### Data extract:
################

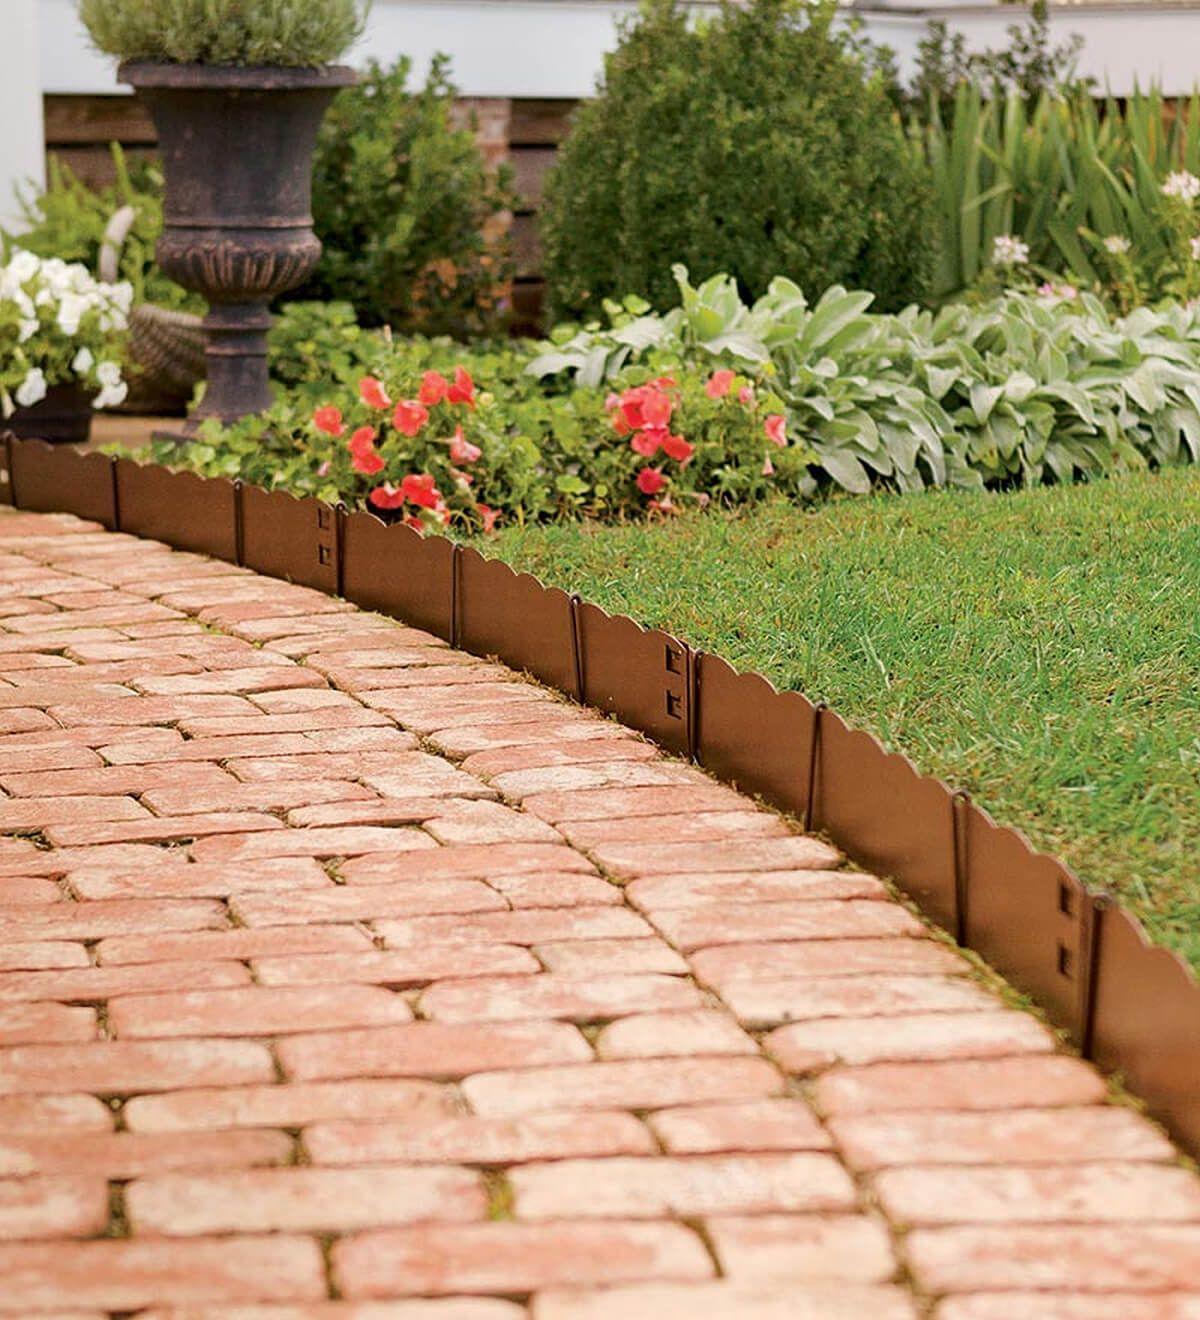 Elegant backyard landscaping ideas using bricks 06
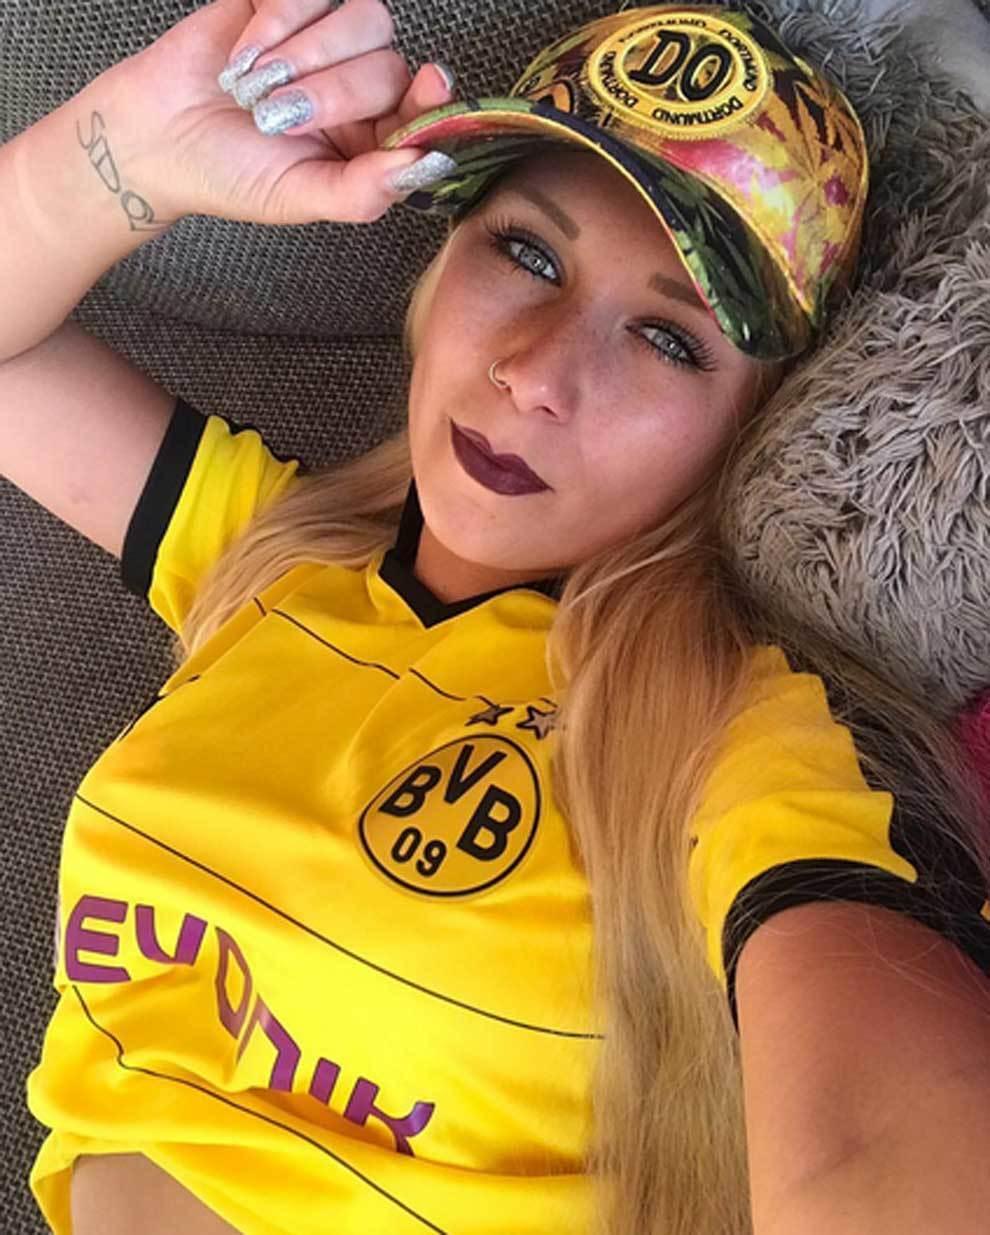 Bundesliga: Lena nitro, reputada actriz de cine para
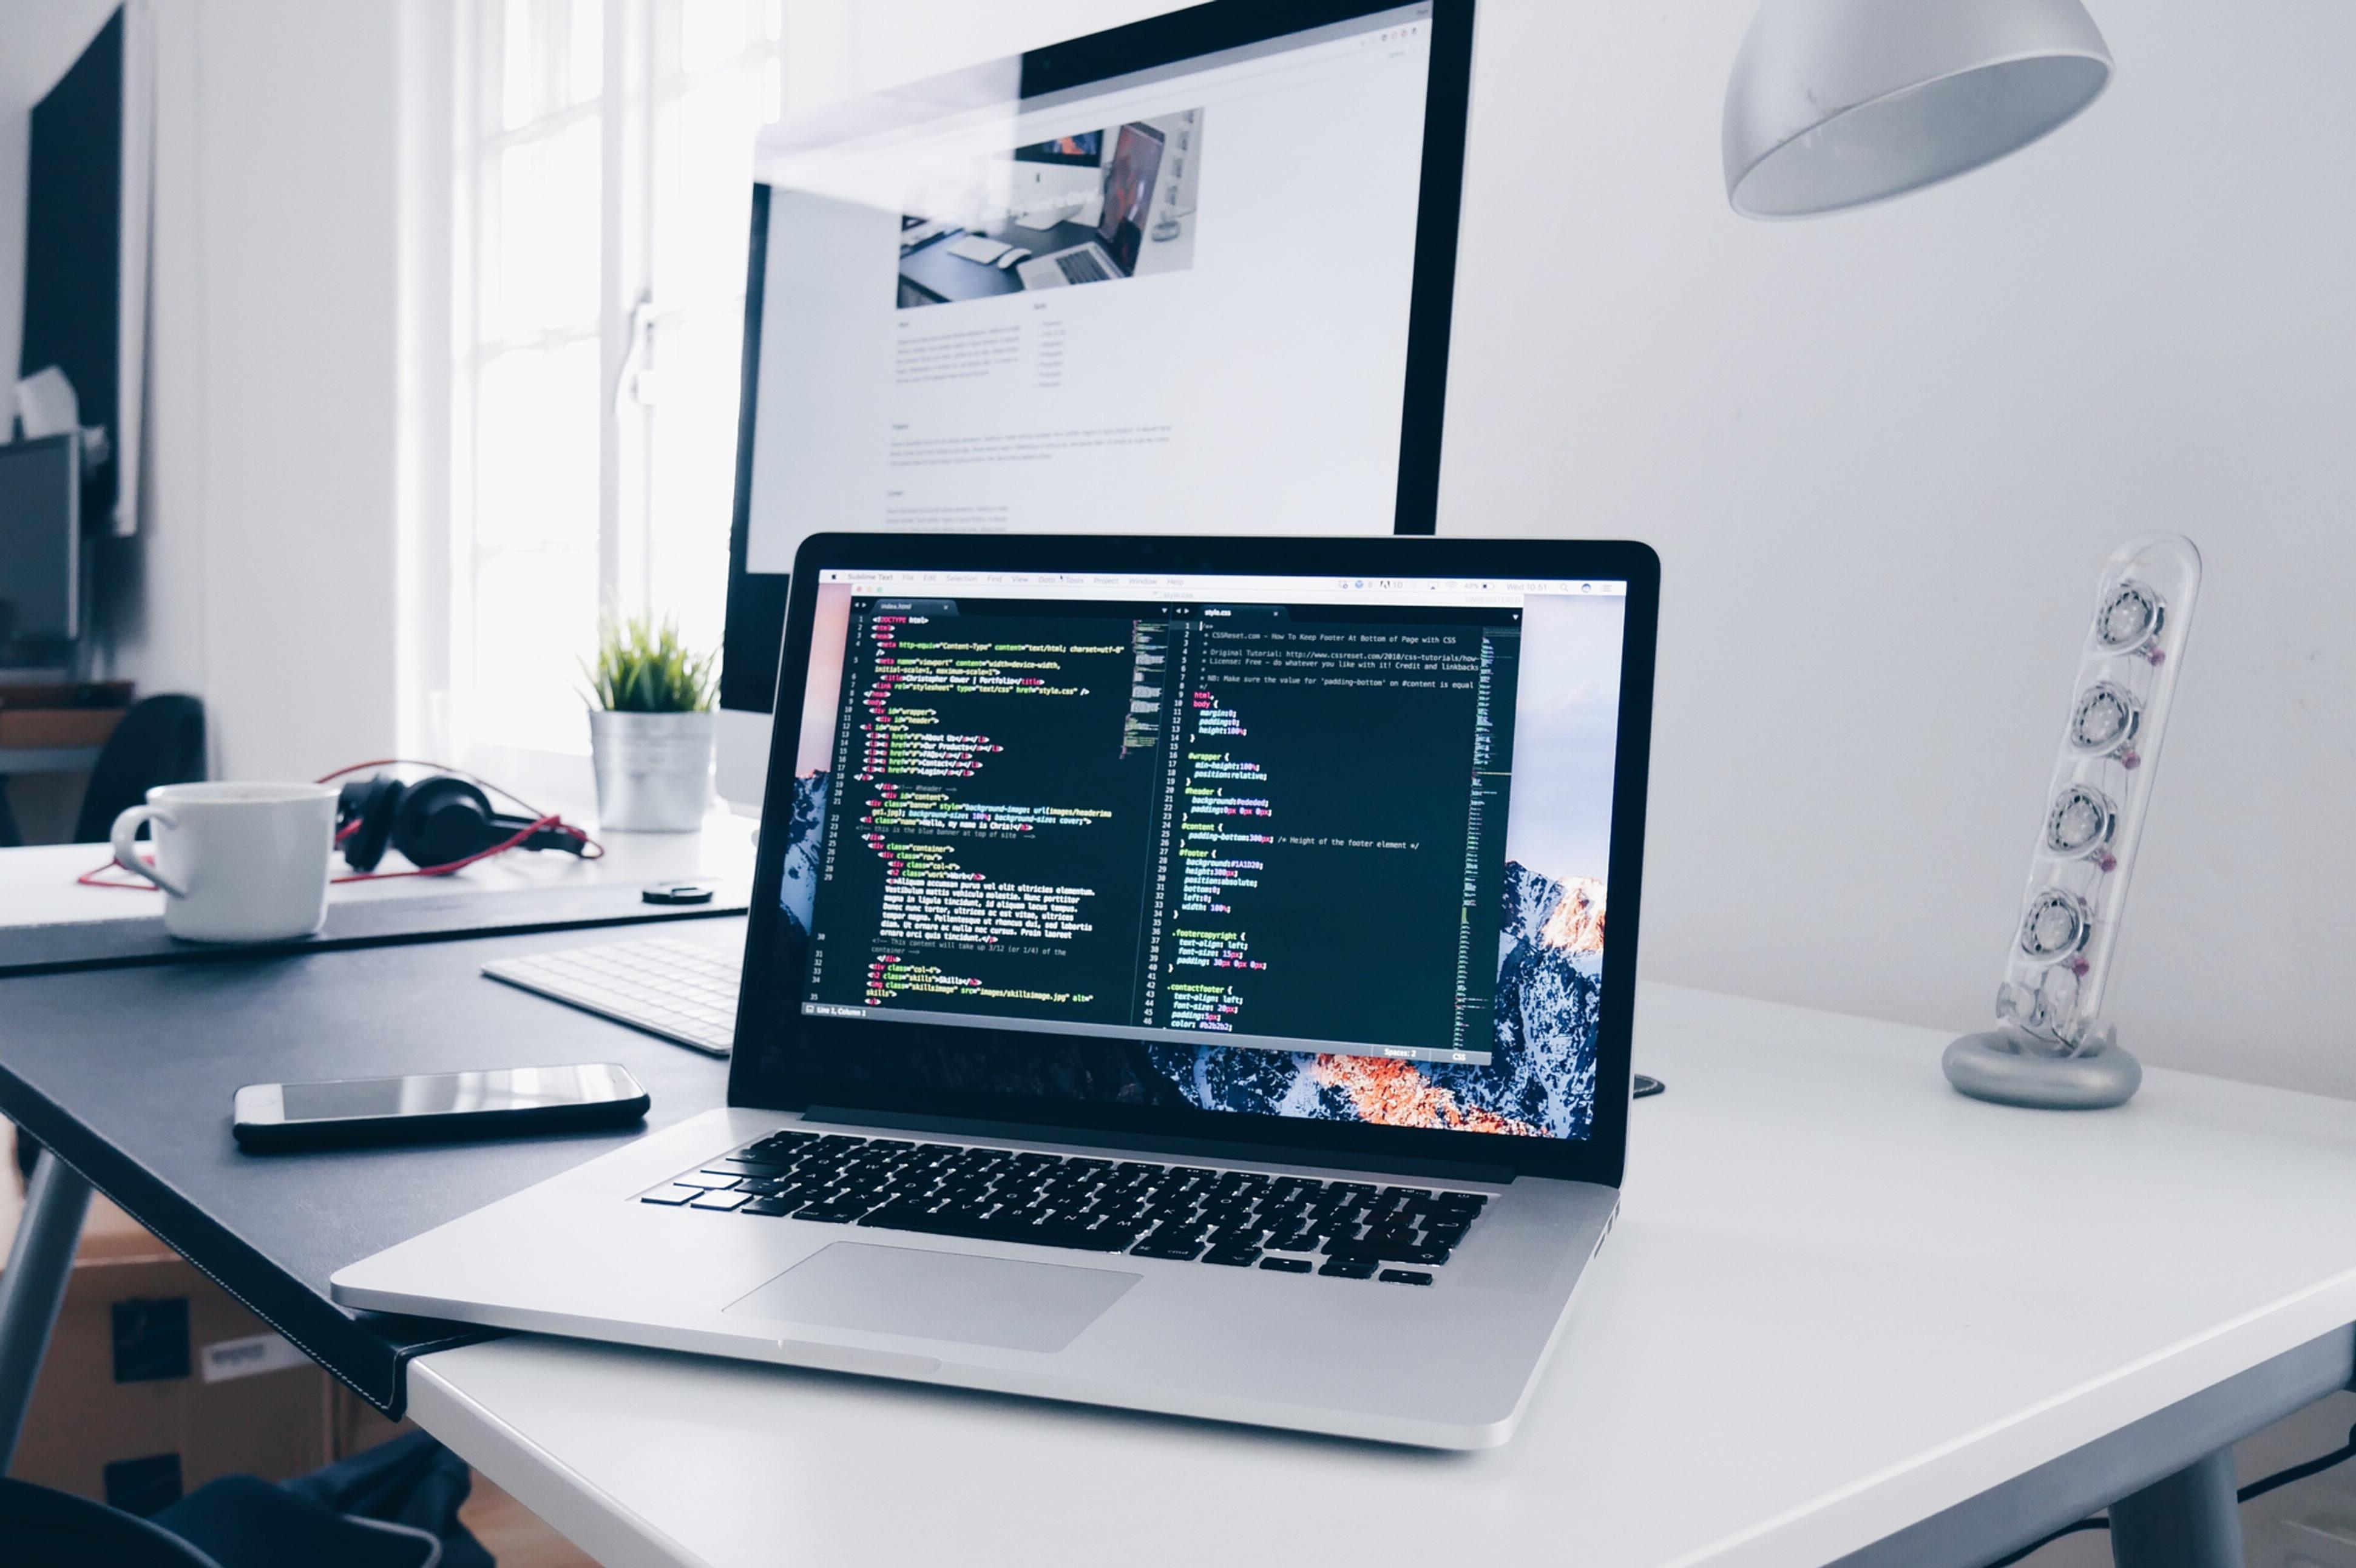 PC/MAC optimization

################

Set down all the lines above exactly as they appear, with no pictures.

### Exercise solution:
 Elegant backyard landscaping ideas using bricks 06
 Bundesliga: Lena nitro, reputada actriz de cine para
 PC/MAC optimization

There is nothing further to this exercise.